In [1]:
from pdstools.explanations import Explanations

import datetime
import polars as pl

In [2]:
import logging
logging.basicConfig(level=logging.INFO)

## Aggregate data exported from infinity

**Prerequisite**: You have already exported explanation files from infinity.

parameters:
- `data_folder`: the folder which has the explanation files
- `model_name`: `optional` - the model rule to check for explanations, if not passed will pick up any files in the folder
- `from_date`: `optional` - if not passed will be today - 7 days
- `to_date`: `optional` - if not passed will be today

The aggregated data will be stored in the `.tmp/aggregated_data` directory.

In [3]:
explanations = Explanations(
    data_folder='../../data/explanations/',
    model_name='AdaptiveBoostCT',
    from_date=datetime.date(2024,3,28),
    to_date=datetime.date(2025,3,28)
)

## Simple plotting of contributions

These methods will help to plot the contributions for overall model or a specific context.

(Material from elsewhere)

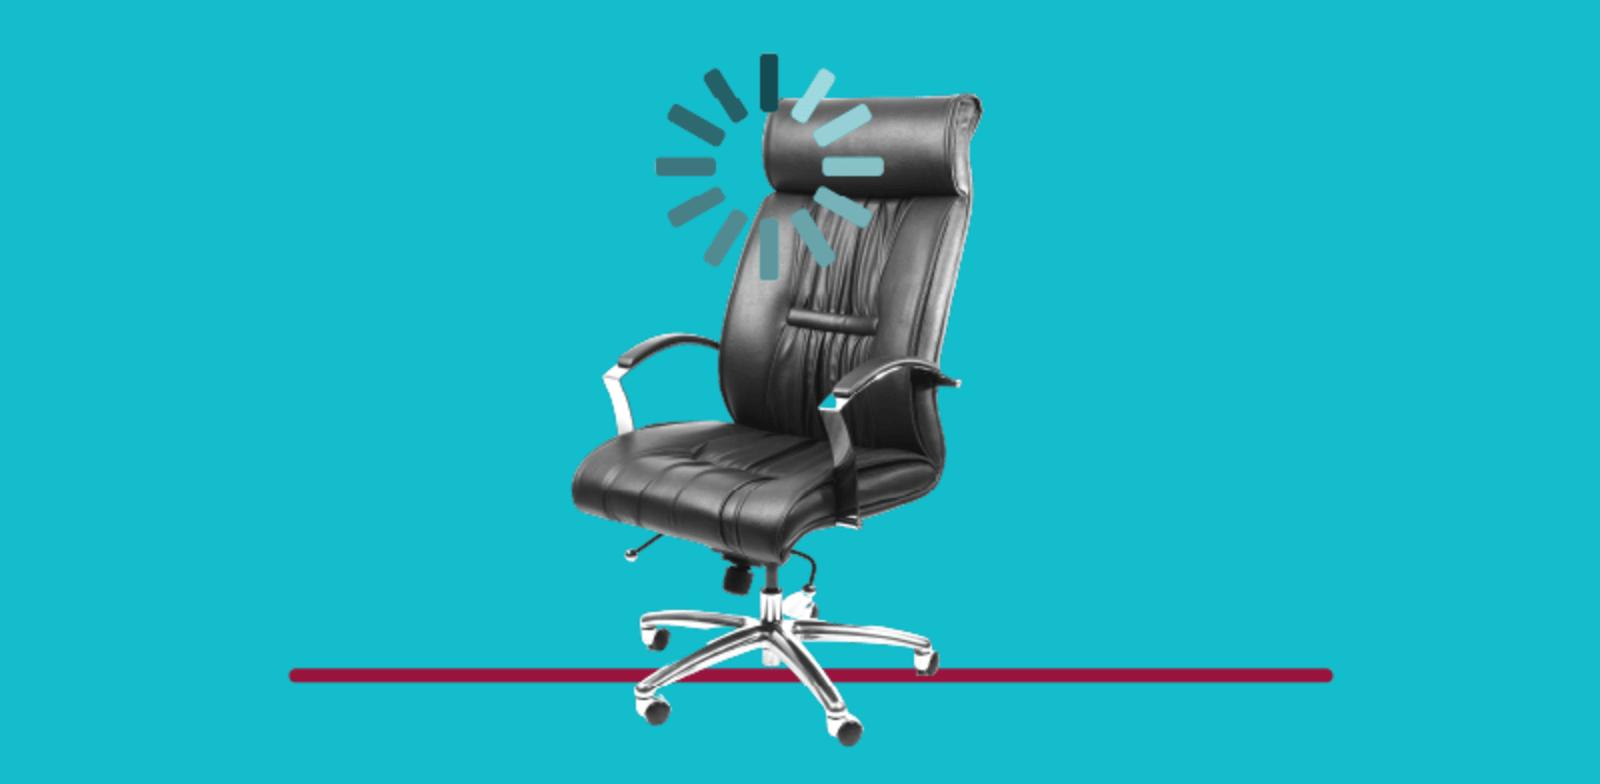 לאן נעלם המנהל ברגע האמת? / צילום: Shutterstock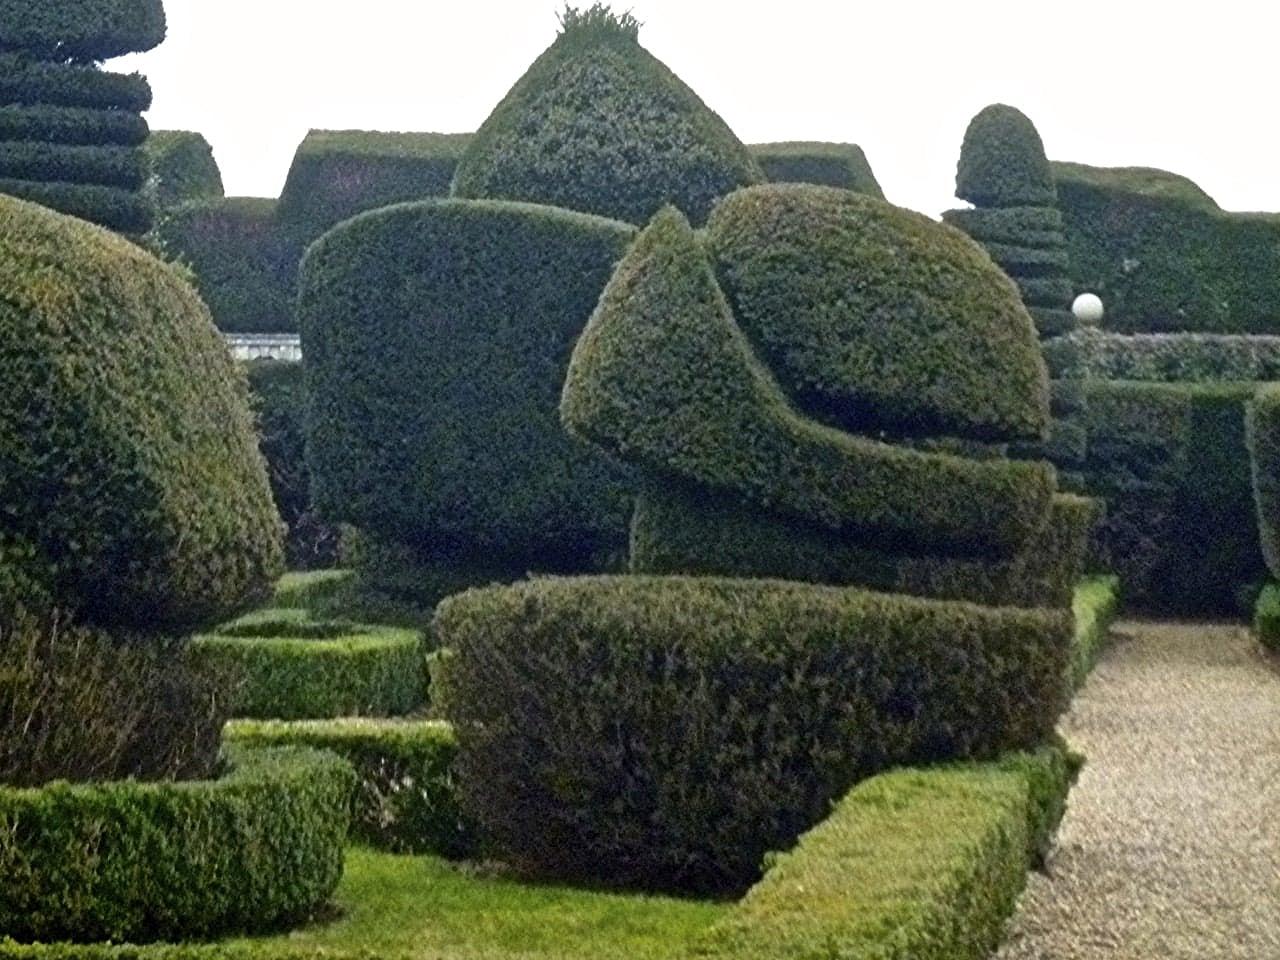 thegoodgarden|danesfieldhouse|uk|davidcalle|0869.jpg

The first plot will show the `top-n` predictors with their contributions. The remaining plots are for each predictor in the `top-n` list. Numeric predictors values will be binned to a max of 10 bins, while the categorical predictors will show the `top-k` categories with their contributions.

### Explanations for overall model

Call `explanations.plot.contributions()` without selecting any context from the interactive context picker. This will result in plots which aggregate the data over all contexts.

parameters:
- `top_n`: Number of top predictors to plot.
- `top_k`: Number of top predictor values for symbolic predictors to plot.
- `remaining`: If `True`, the remaining predictors will be plotted as a single bar.
- `missing`: If `True`, the missing values will be plotted as a separate bar.
- `descending`: If `True`, the predictors will be sorted in descending order of their contributions. i.e least contributing predictors will be plotted first.
- `contribution_calculation`: Method to calculate contributions. Some options are `contribution`, `contribution_abs`, `contribution_weighted`. Default is `contribution` which is the average contributions to predictions.

In [4]:
explanations.plot.contributions(top_n=3, top_k=5)

No context selected, plotting overall contributions. Use explanations.filter.interative() to select a context.


### Explanations for selected context

Call `explanations.filter.interactive()` to display the interactive context picker. This allows you to select a specific context from the list of available contexts.

The context picker will help in filtering the data for very large list of contexts. Fine-tune your selection by using the comboboxes on the left side of the context picker. This will display the available contexts on the right, from which you can select specific context keys.

Run `explanations.plot.contributions()` after selecting a context from the interactive context picker. This will plot the contributions for the selected context.

__NOTE__: Plots are only for a single context. i.e required for a context to be selected from the list.

In [5]:
explanations.filter.interactive()

GridBox(children=(HTML(value='<h3>Select Context Filters</>', layout=Layout(width='auto')), HTML(value='<h3>Co…

In [14]:
explanations.plot.contributions(top_n=3, top_k=5)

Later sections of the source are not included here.